There’s a stat that gets tossed around with a mix of admiration and confusion: young people today are drinking less, doing fewer drugs, and going out less than previous generations did in their twenties.
And on paper, that sounds like progress.
It sounds like awareness. Maturity. Maybe even evolution.
But I’m not so sure.
Because when I think back to my own twenties — the blurry nights, the questionable decisions, the inside jokes born at 2AM and still funny two decades later — I don’t remember thinking I was being “bad.”
I remember feeling alive. And that’s what worries me.
Not that today’s twenty-somethings are behaving better. But that they might be missing something essential.
Not because they’re boring. But because the world they inherited makes it really hard to just… be human in public.
You can’t learn to live if you’re too busy performing.
That’s the quiet crisis behind all this “good behaviour.”
Drinking less and staying in more might not be a sign of wisdom. It might be self-protection.
Because going out now means being seen.
And I don’t mean seen in the “felt cute, might delete later” kind of way. I mean recorded. Surveilled. Judged. Every night out is potentially content. Every stumble, a story.
So if you’re a 20-something today, it’s not just about whether you feel like dancing. It’s whether you’re ready to be filmed doing it. From three angles. And possibly stitched into someone’s joke on TikTok.
When my friends and I danced in our twenties, we danced like idiots. We didn’t know the choreography, and we weren’t trying to be hot. We were just trying to forget our jobs or our breakups or whatever else had gotten stuck in our heads that week.
We danced like no one was watching... because, for the most part, no one was.

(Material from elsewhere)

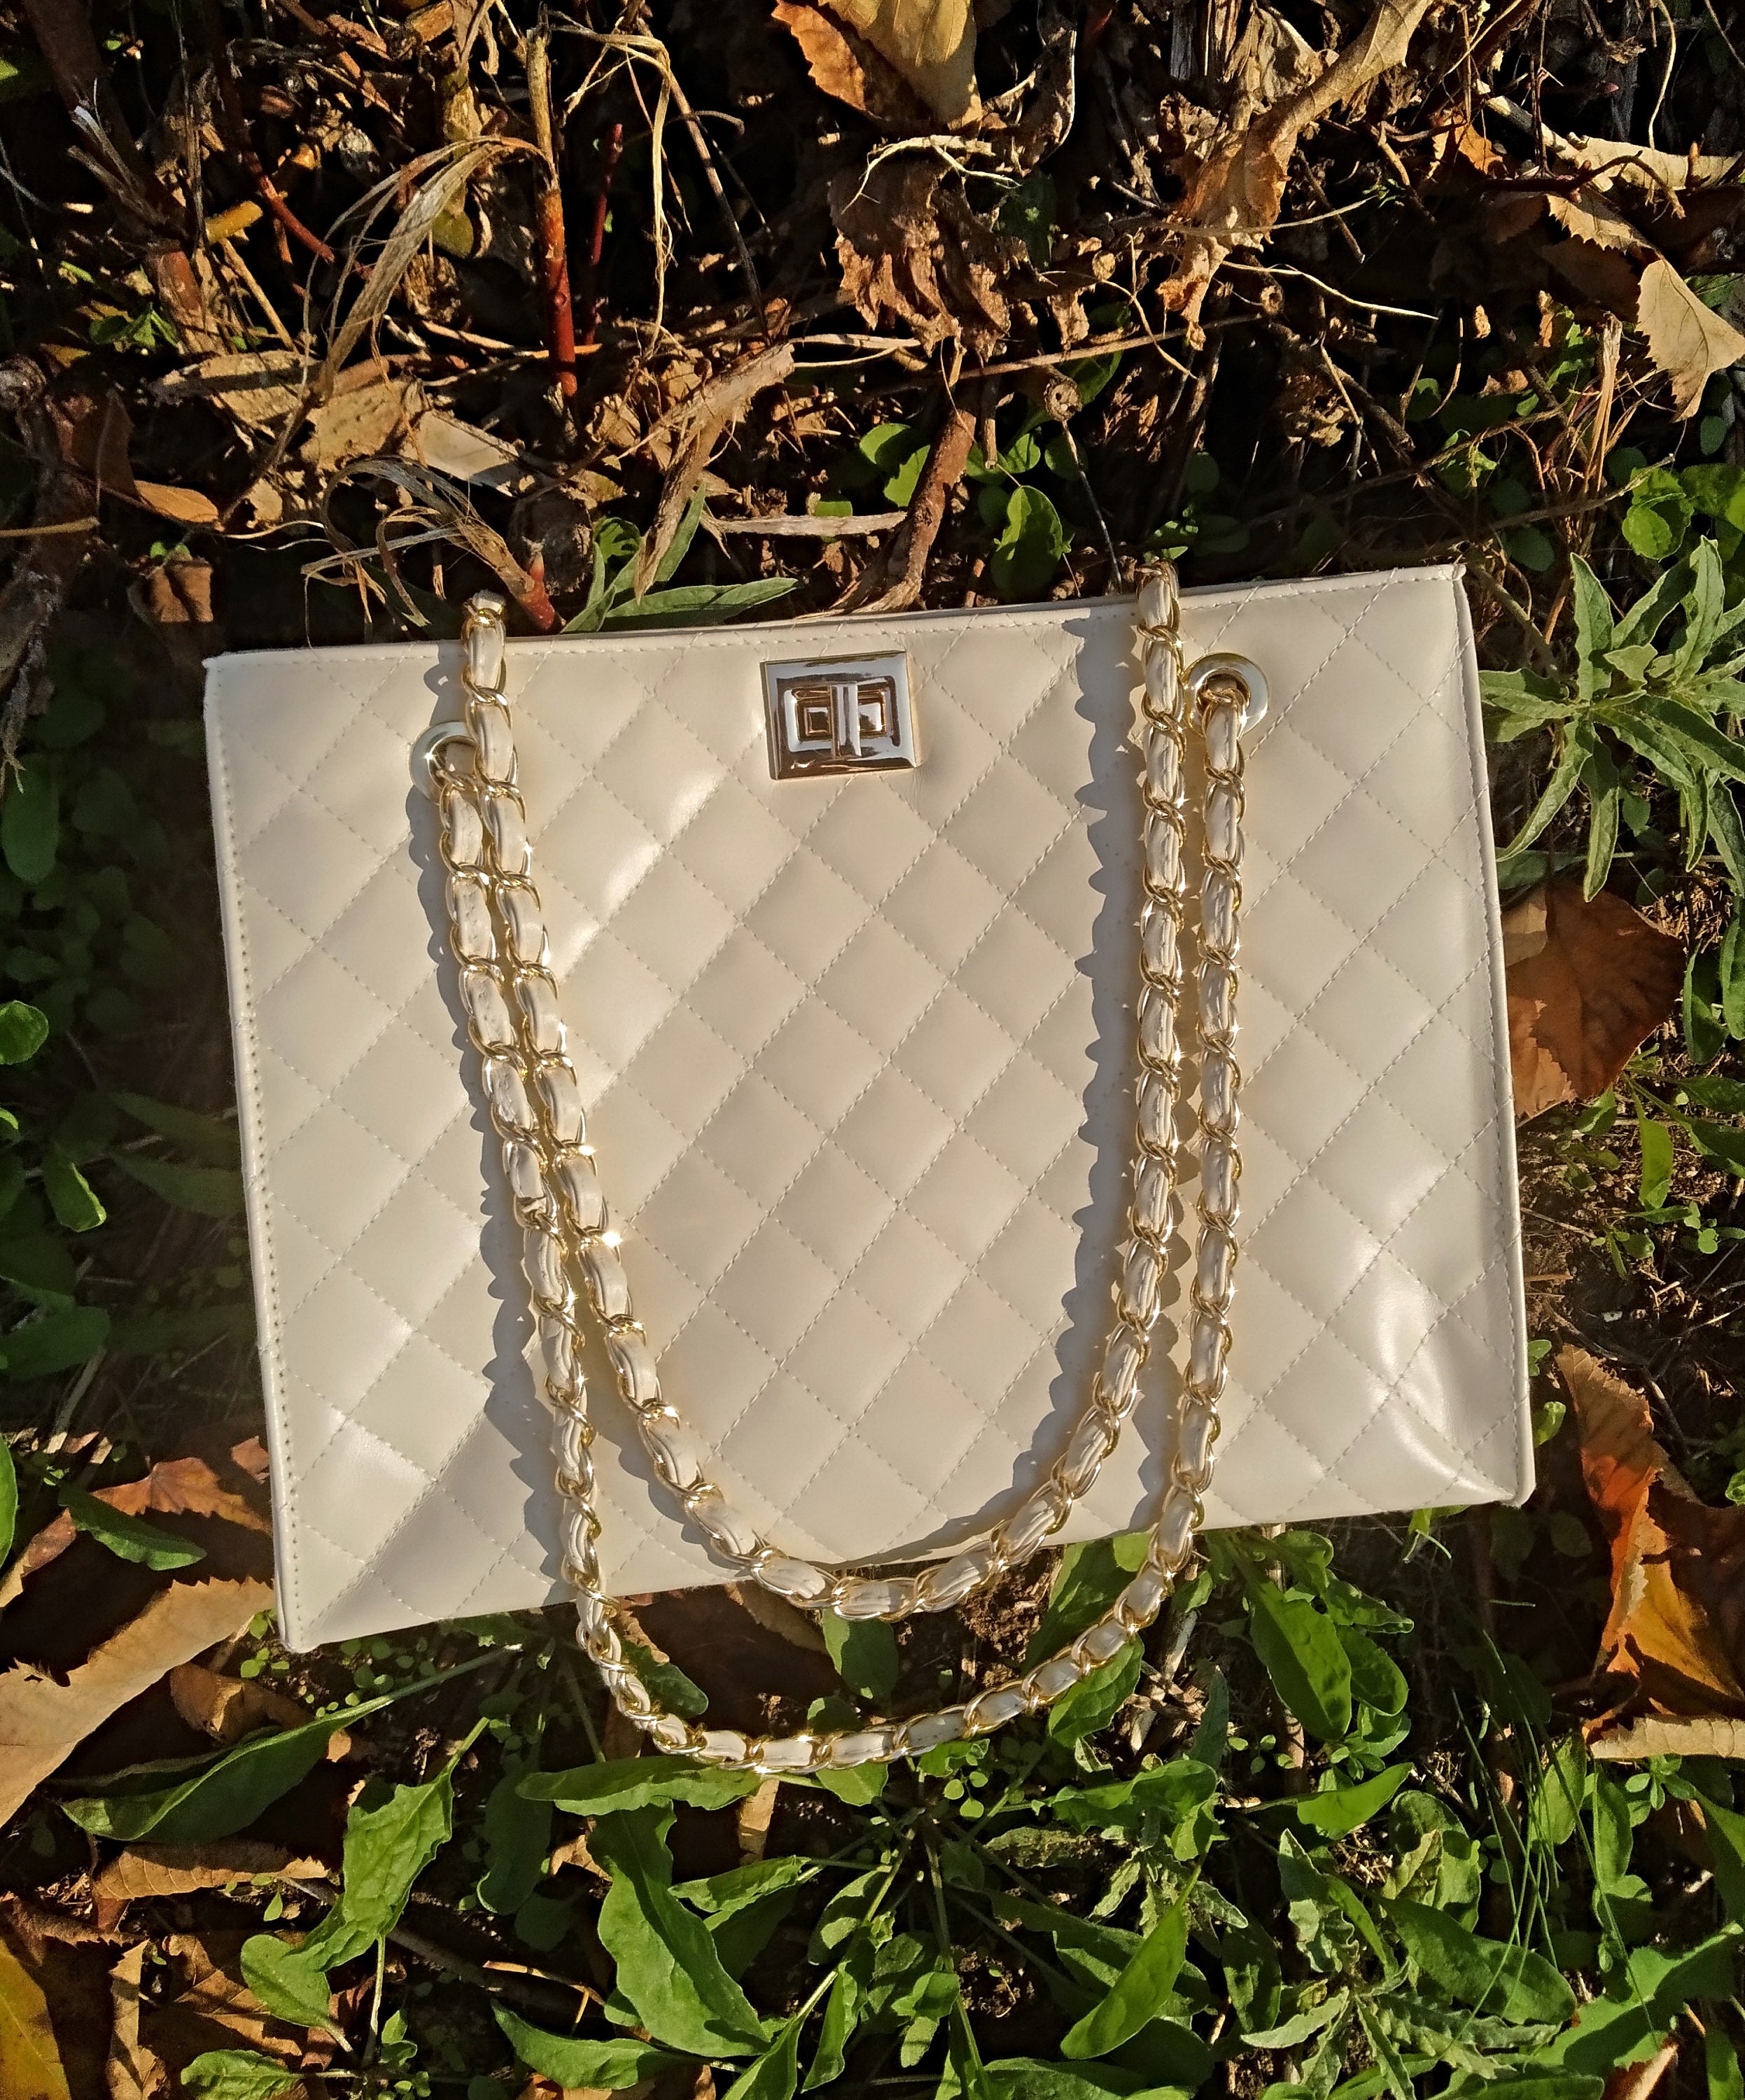 chanel large deauville bag

Today? Everyone’s watching. Or worse: pretending not to while secretly recording you.
Risk and play are essential ingredients of becoming.

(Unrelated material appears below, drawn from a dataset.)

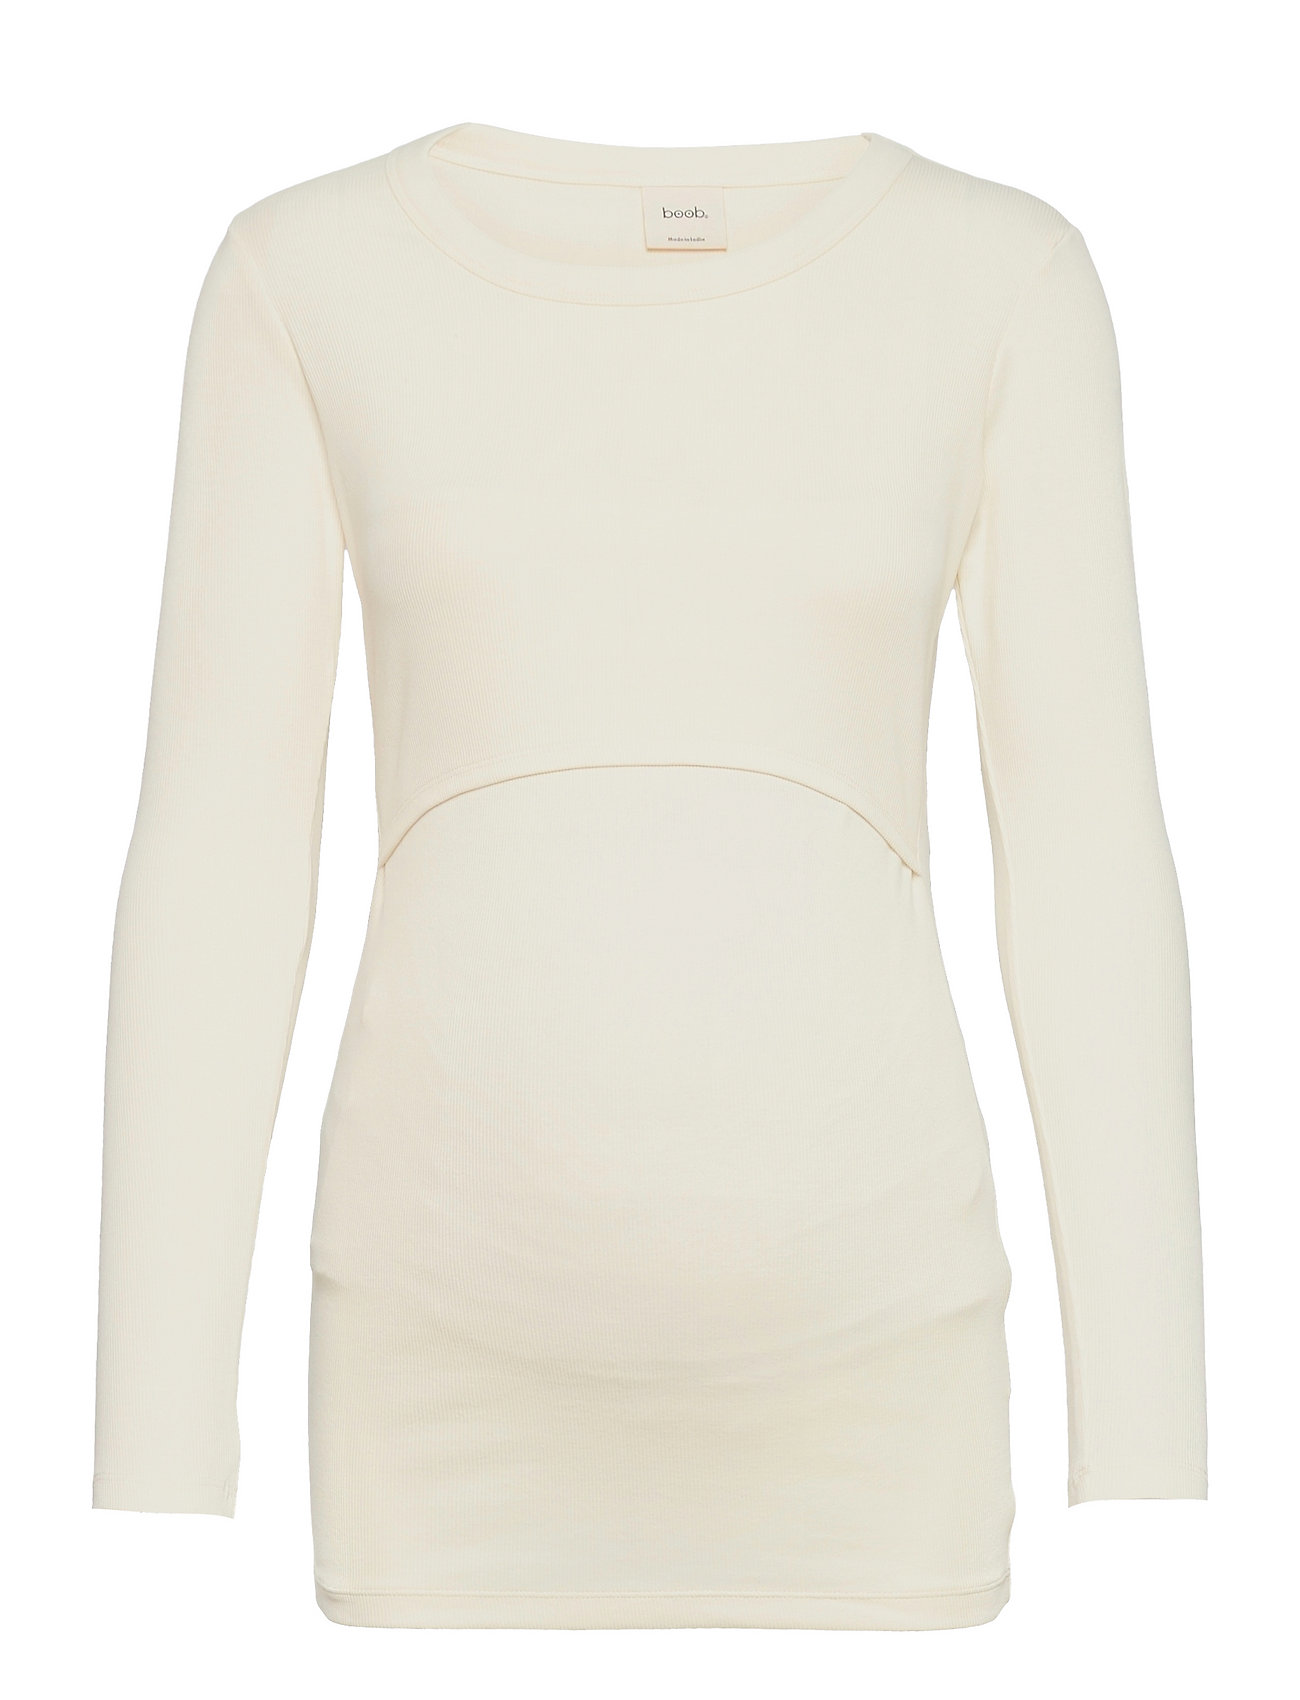 Signe L/S Top T-shirts & Tops Long-sleeved Valkoinen Boob

In your twenties, you’re supposed to mess up. Stay out too late. Say something awkward to someone cute. Fall in with a bad crowd for a month, then crawl your way back to better people. Those years aren’t just about fun — they’re about identity formation.

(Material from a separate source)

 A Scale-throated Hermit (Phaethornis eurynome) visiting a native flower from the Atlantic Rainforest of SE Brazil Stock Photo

But when the internet keeps a record of everything, the cost of trial and error gets too high.
So you optimize instead. You curate. You turn inward.
You get really good at looking like a person... while quietly forgetting how to be one.
I get why you’re cautious. I do. But something’s being lost.
The phone in your hand makes everything easier. It also makes everything harder.
You don’t have to call your friend to make plans; but you might never learn the thrill of saying “wanna go out tonight?” and watching the night unfold into magic.
You can DM the person you’re crushing on; but you might never know how electric it feels to flirt across a dive bar.
You can scroll through a thousand faces; but you might never risk walking up to just one and saying hi.
And then there’s the pressure to present.
To be real, but only the kind of “real” that performs well online. To be vulnerable, but polished. Raw, but high-res.
When I see young people choosing to stay home, I don’t assume they’re boring. I assume they’re exhausted. Exhausted by the weight of constant awareness. The impossibility of unfiltered experience. The fear of being frozen in pixels doing something mildly uncool or unplanned.
So no, I don’t think your generation is “better.”
I think you’ve been forced into self-consciousness too early.
And while I admire the clarity, the sobriety, the thoughtful boundaries... I also mourn the chaos you might never know.
Because in the mess is where you find out who you are.
Not your handle. Not your brand. You.
To my own generation: we didn’t get everything right. But at least we got to try.
We got to stumble and recover. To laugh about it the next day without worrying someone had uploaded the footage. We got to be idiots, and it wasn’t content — it was just youth.
If I have one wish for today’s twenty-somethings, it’s that you reclaim a little of that.
Go out. Be dumb. Talk to strangers. Dance like nobody’s live-streaming you.
You deserve a life that’s lived (not just documented).
And if it makes you cringe later?
Good.
That means you were actually there.
I was too "good" to be wild and drunk in my 20s. and I was too responsible in my 30s. Now, in my 50s, I don't like noise. I just find other ways to fill my aliveness.
that said, I wonder if there will be a threshold that happens when kids don't care whether they are being filmed, stitched, or documented anymore. It is so "normal" that the lose inhibitions and just do whatever they want anyway? I hope that happens.
As I read this I was like, wow...he's right! We (the older ones) DID have some rip-roaring 20s, didn't we!? None of this online bullshit existed back then. We did actual stuff.
I wouldn't want to be raising kids in this day and age, that's for sure.